You may not have heard of Joe Shammas, but he ran for Congress this spring in the Valley's 29th district and 10,847 people voted for him. Perhaps the only thing more surprising than that is that 12,397 other people voted for Richard Alarcon, the former state lawmaker and City Council member, who appears to have run solely to celebrate the voiding of his perjury conviction and to tweak Rep. Tony Cardenas, a longtime rival.
Cardenas finished first with 58,616 votes, or 61.4 percent. As you can tell from the vote totals above, Alarcon finished second (with 13.0 percent), so he gets to be on the ballot in November to lose to Cardenas. But Secretary of State Alex Padilla, who hails from the same corner of the Valley as all these other folks, mistakenly issued a certificate to Shammas certifying that he finished second and would be on the ballot.
Oops. Now Shammas is mad.
From Dakota Smith on the Daily News politics blog:
On Monday afternoon, a Secretary of State spokesman told the Daily News that Shammas’ certificate was issued in error.
Told of the news, Shammas said, “It makes me feel horrible. I don’t understand how they could do this.”The excited Shammas last week re-activated his campaign and website after getting the certificate, he said. He also complained that he called the Secretary of State’s office about the certificate, but “they were very evasive and could not explain.”

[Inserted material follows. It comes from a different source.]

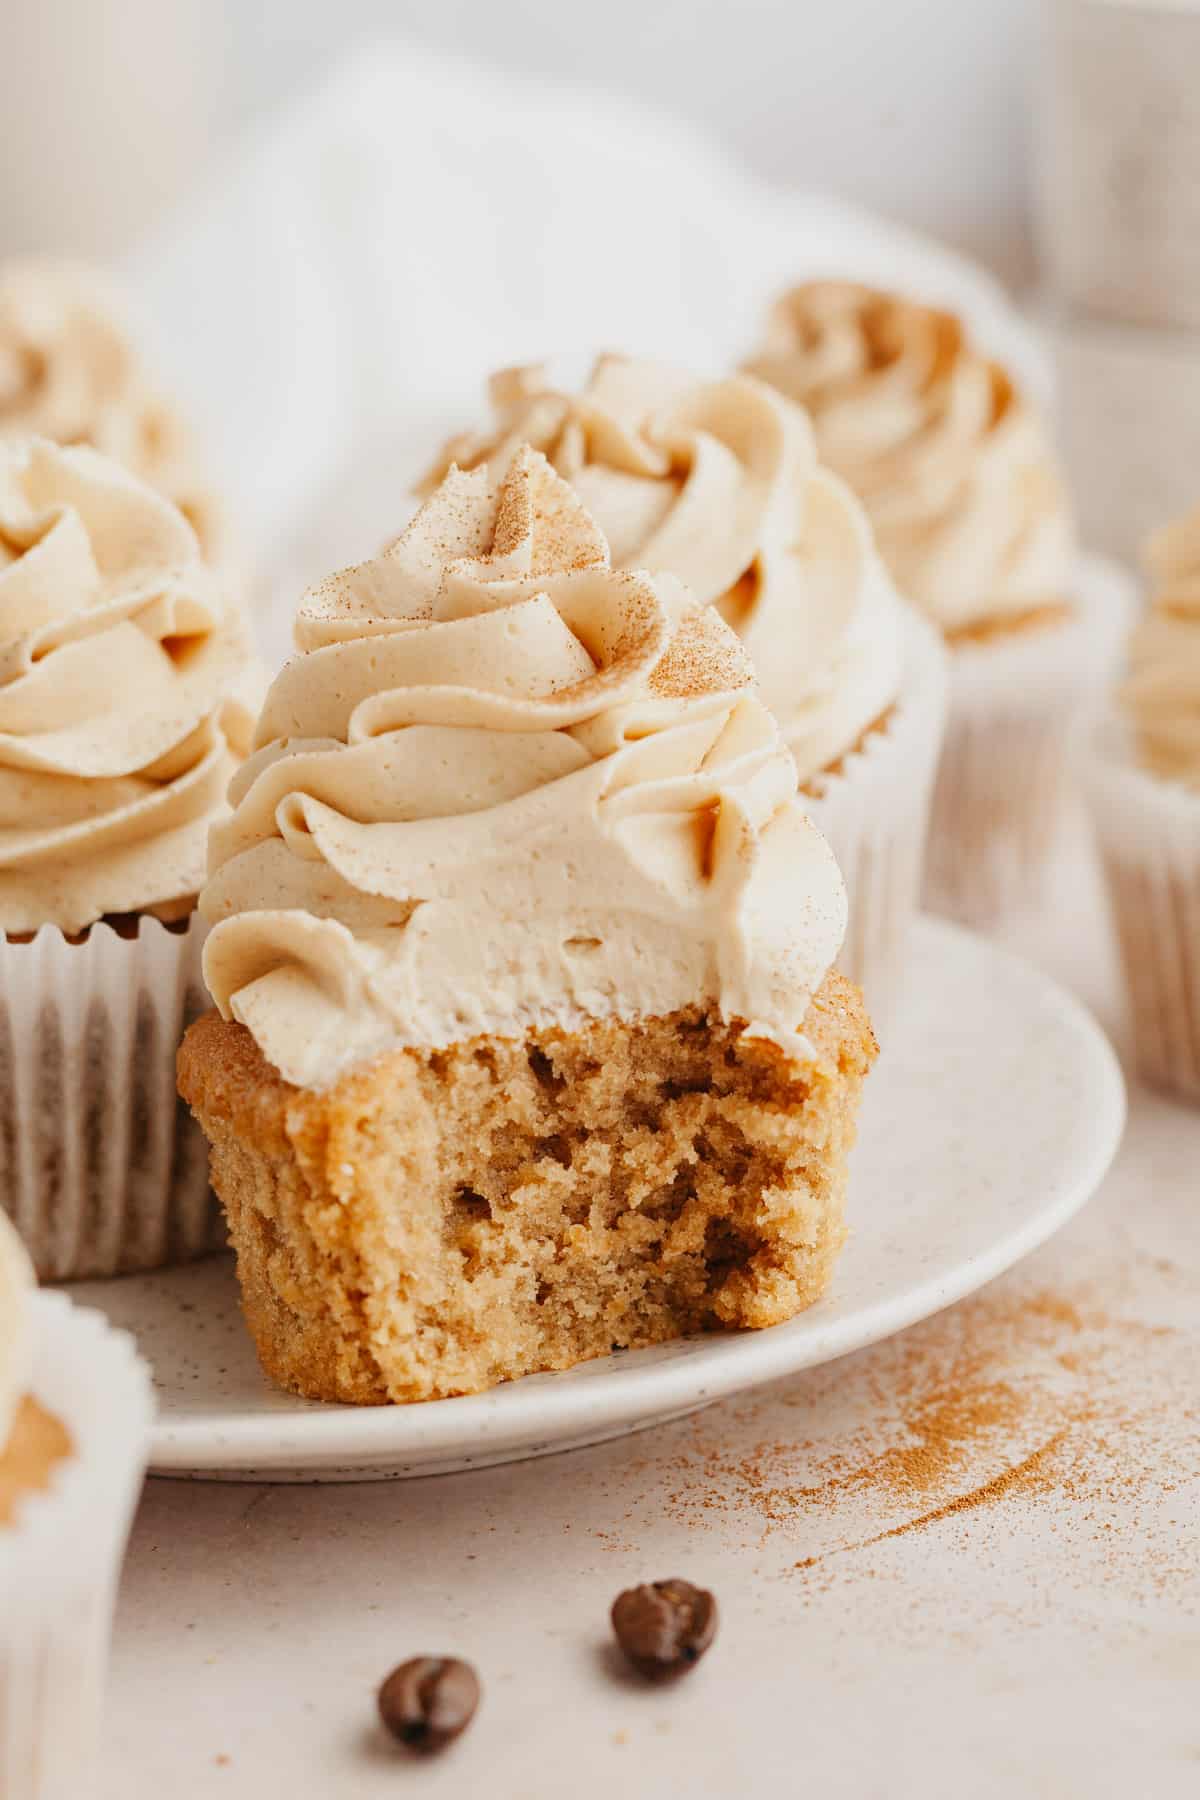 A close up of a coffee cupcake with a bite taken out of it.

Certified results posted on the Secretary of State’s web site show Cardenas and former City Councilman Richard Alarcon were the top two vote getters in the June 7 election, with 61.4 percent and 13 percent, respectively. Shammas came in third with 11.3 percent. Candidates Benny Bernal and David Guzman came in fourth and fifth.
By the way, the only blogger posting less often than me these days is...Dakota Smith. The last previous post on the Daily News' Sausage Factory blog was June 8. Of course, she has a day job writing stories for the actual Daily News.
The Sausage Factory is the politics blog started by the late Rick Orlov and has been only sporadically active since his death in February 2015.